Anonymous Coward | more than 2 years ago | (#38746132)

dipshit

how does it really work? (2)

YesIAmAScript (886271) | more than 2 years ago | (#38746184)

It says it's a closed loop of groundwater?

That makes no sense at all. A closed loop won't get rid of heat, just transport it. There must be a system which exchanges the heat out of the water to the environment. Maybe a radiator system, maybe a chiller, maybe an evaporative cooling system.

Or maybe it's not really a closed loop?

Re:how does it really work? (5, Funny)

Anonymous Coward | more than 2 years ago | (#38746194)

The water forms a closed loop, not the heat. That's what my 12 yo cousin makes of the statement, YMMV

Re:how does it really work? (4, Insightful)

will_die (586523) | more than 2 years ago | (#38746222)

From what I have read the water doing the cooling is closed but the pipes go down into the ground and the heat transfer goes into the running groundwater.
So if you are downstream and using that water you will not notice a difference, but I cannot find anything about where the water finally goes to.

Re:how does it really work? (1)

tomboalogo (2509404) | more than 2 years ago | (#38747382)

Yay! Someone who understands the concept of a closed loop cooling system!! I salute you sir!
(of course the article IS badly written)

Re:how does it really work? (0)

Anonymous Coward | more than 2 years ago | (#38757648)

Ah! That must be why the water feels warmer when someone's peeing upstream

Re:how does it really work? (4, Interesting)

beelsebob (529313) | more than 2 years ago | (#38746328)

The way the system at St. Andrews University worked when they first installed it was that water was pumped from a fountain in a quad outside through the computer, and then back out into the fountain. They got 2 for 1 –a pretty landscape gardening project, and a computer cooling system.

Re:how does it really work? (1)

Anonymous Coward | more than 2 years ago | (#38749154)

What happens when somebody puts soap in the fountain? Algae not a concern?

Re:how does it really work? (0)

Anonymous Coward | more than 2 years ago | (#38751680)

Soap will cause the same problem as any other fountain. So it must be stopped, thoroughly rinsed and filled again. Algae shouldn't be a problem given a minimal quantity of chlorine is added to the water. But as the water gets hot I'm quite sure that algae could thrive if it runs out of control.

Re:how does it really work? (1)

Anonymous Coward | more than 2 years ago | (#38746624)

http://www.youtube.com/watch?v=EaeokJECyIs

Re:how does it really work? (4, Insightful)

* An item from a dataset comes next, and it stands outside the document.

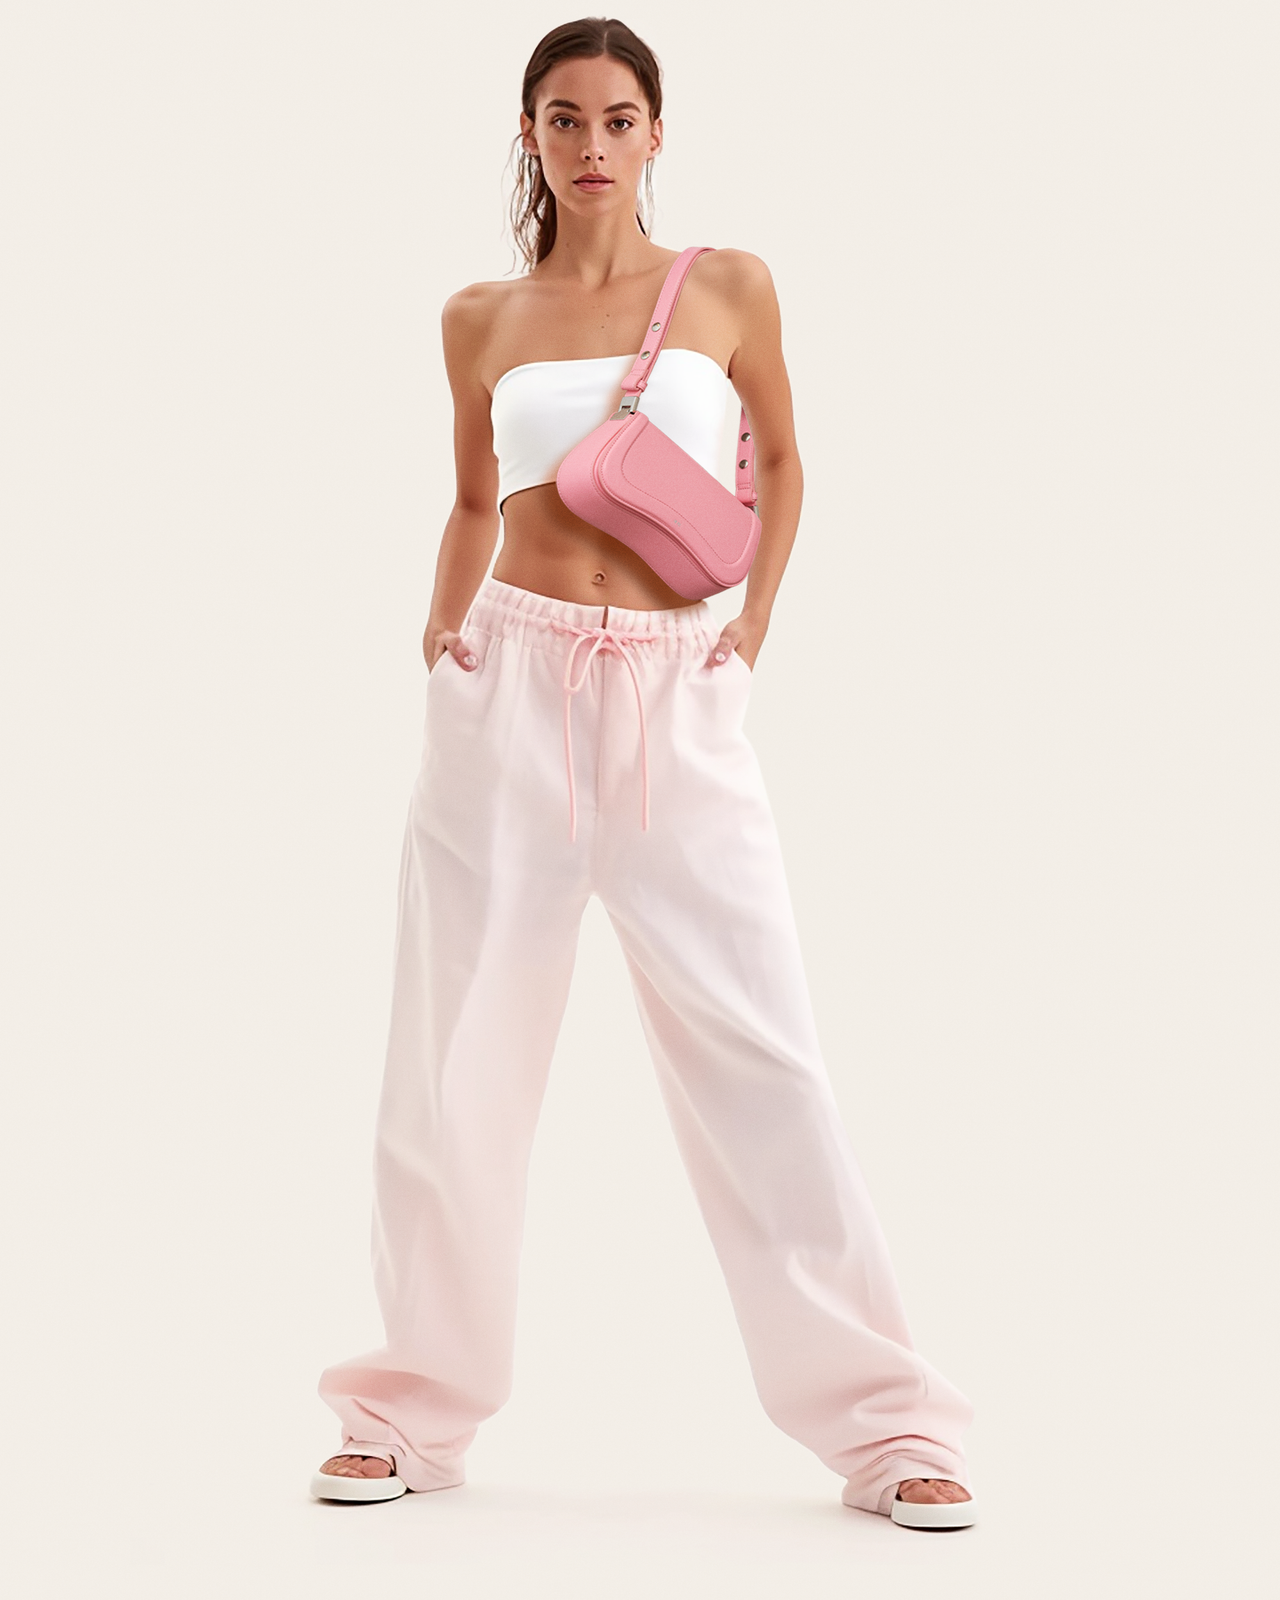 Becci Knitted Shoulder Bag - Pale Pink & Pink & Hot Pink - JW PEI
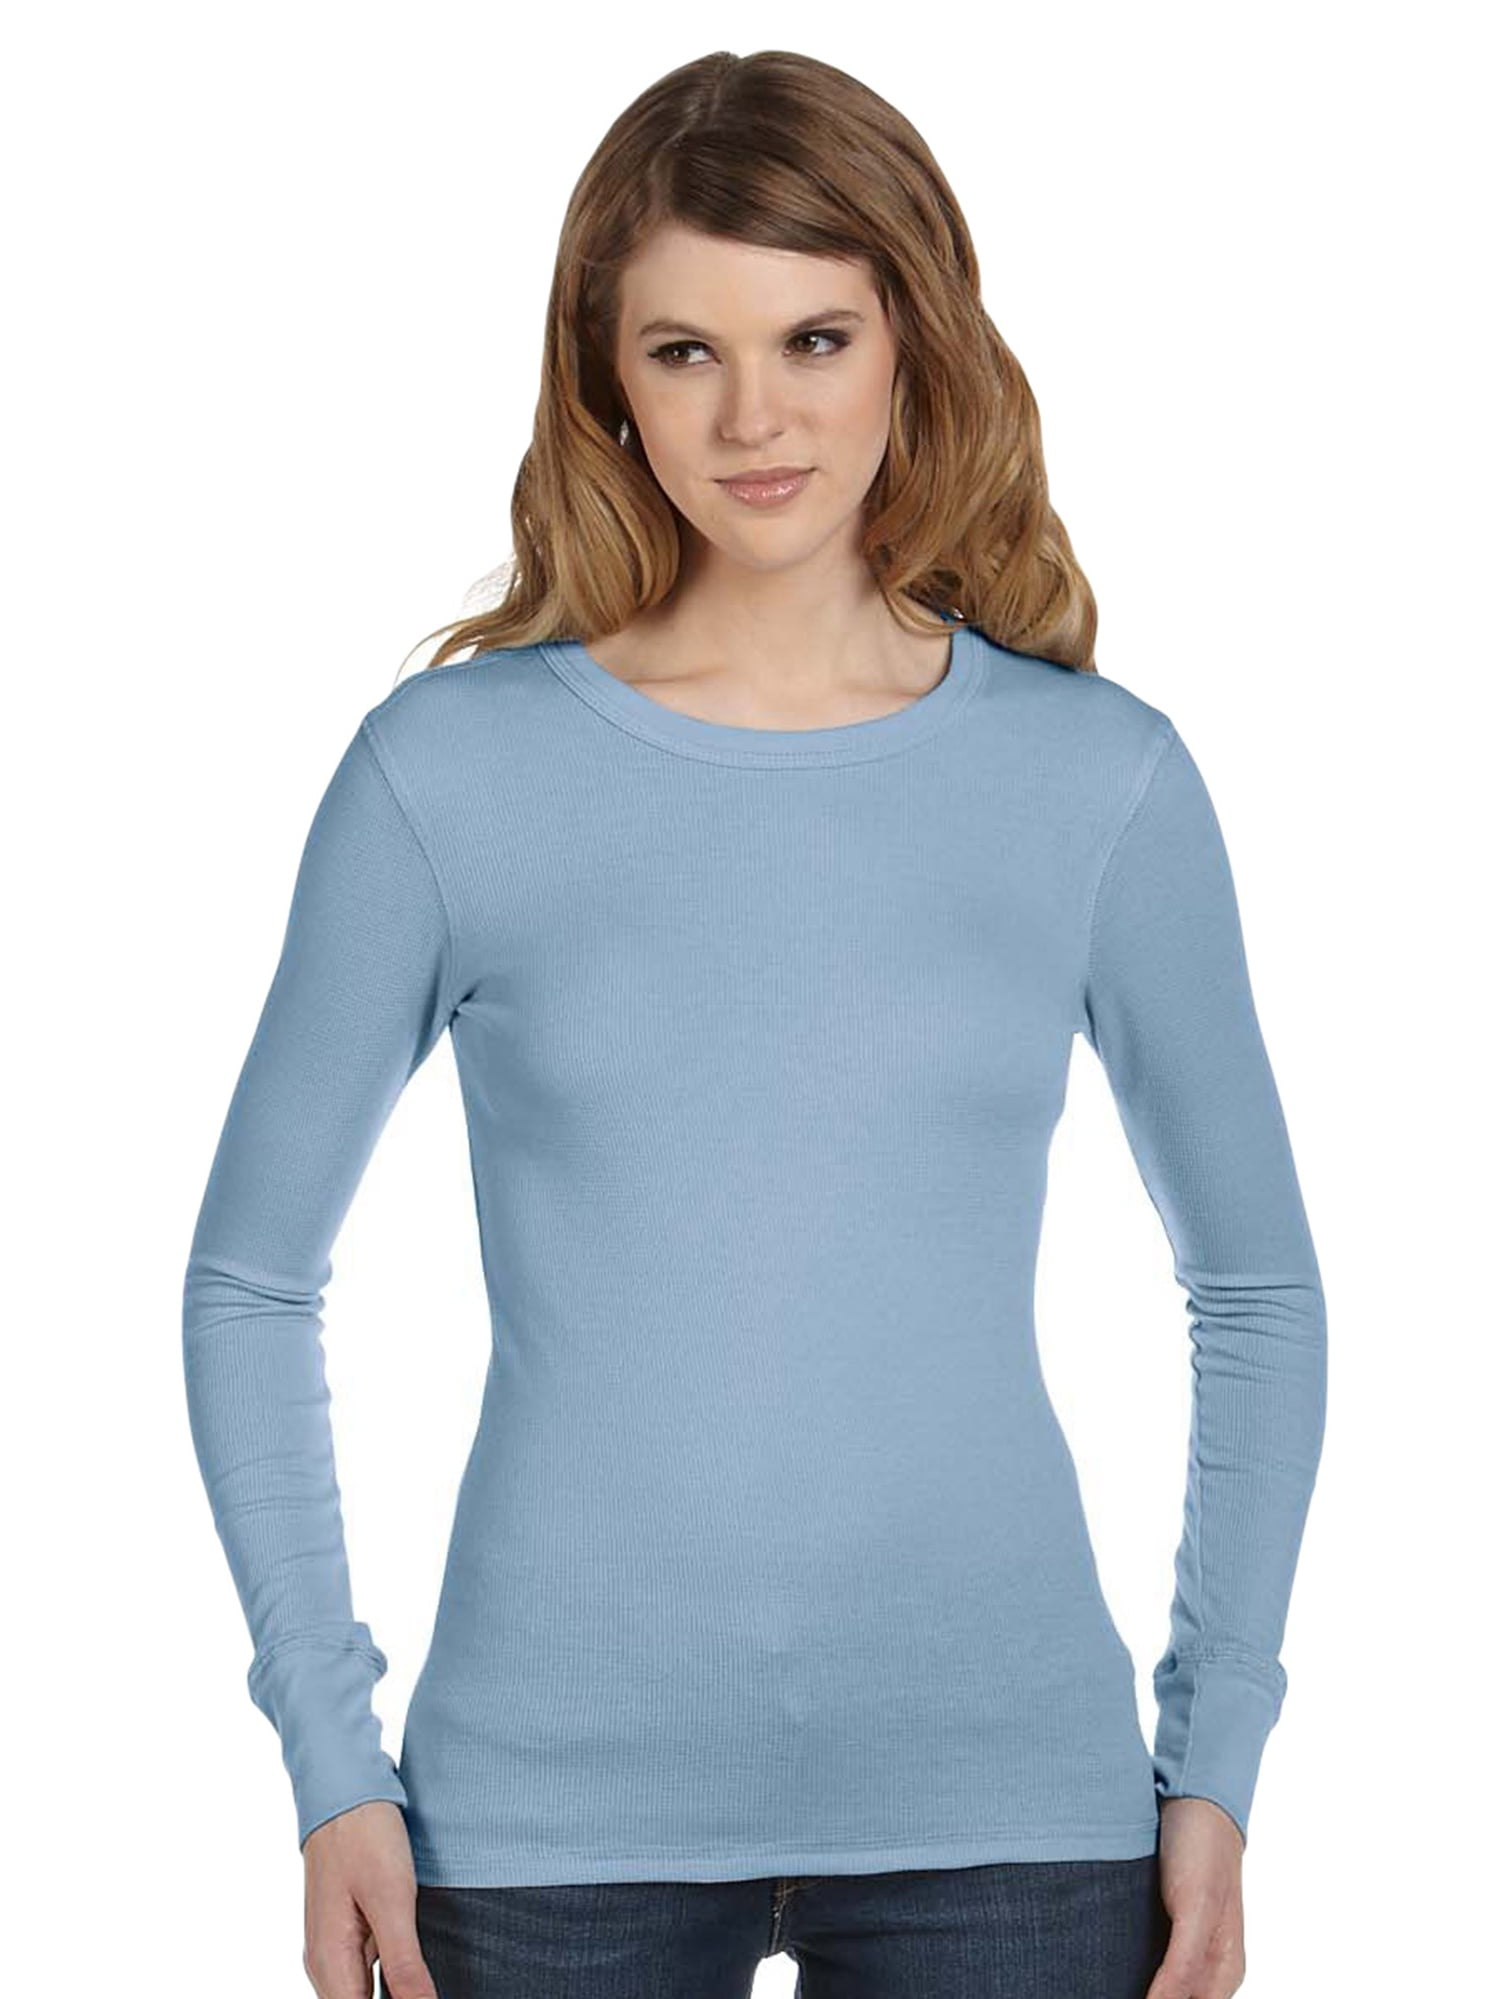 Bella Womens Long Sleeve Thermal T-Shirt

JoeMerchant (803320) | more than 2 years ago | (#38747044)

It says it's a closed loop of groundwater?

That makes no sense at all. A closed loop won't get rid of heat, just transport it. There must be a system which exchanges the heat out of the water to the environment. Maybe a radiator system, maybe a chiller, maybe an evaporative cooling system.

Or maybe it's not really a closed loop?

Step 1, pump up some groundwater.

Step 2, notice that it's pretty cool.

Step 3, feed cool water to your supercomputer to keep it cool.

Step 4, notice that you have an awful lot of excess water to deal with.

Step 5, drill another well some distance away and pump the warmer water back into the ground.

Et Voila': Closed loop.

The heat energy is being pumped into the groundwater. Groundwater is a fairly massive thermal sink. If every house in suburban Tampa tried to do this, the groundwater would heat up, but if you're a single user of a huge natural resource it appears as if you're not making any impact and "getting your energy for free."

Re:how does it really work? (2)

Jawnn (445279) | more than 2 years ago | (#38747650)

Et Voila': Closed loop.

Et non. What you have described is a conduit that is open on both ends, not a closed loop.

Re:how does it really work? (1)

JoeMerchant (803320) | more than 2 years ago | (#38748104)

Et Voila': Closed loop.

Et non. What you have described is a conduit that is open on both ends, not a closed loop.

The ends are in a "black box" - the ground, what you can't see must be simple, indestructible, and there for exploitation, right? Remove water from black box, return water to black box - closed loop for closed minds.

Actually, you could bury a heat exchanger in the aquifer, but it wouldn't be as efficient as the system you are describing as "open loop", would be vastly more expensive to build, and likely more damaging to the environment as well...

Re:how does it really work? (1)

Anonymous Coward | more than 2 years ago | (#38749270)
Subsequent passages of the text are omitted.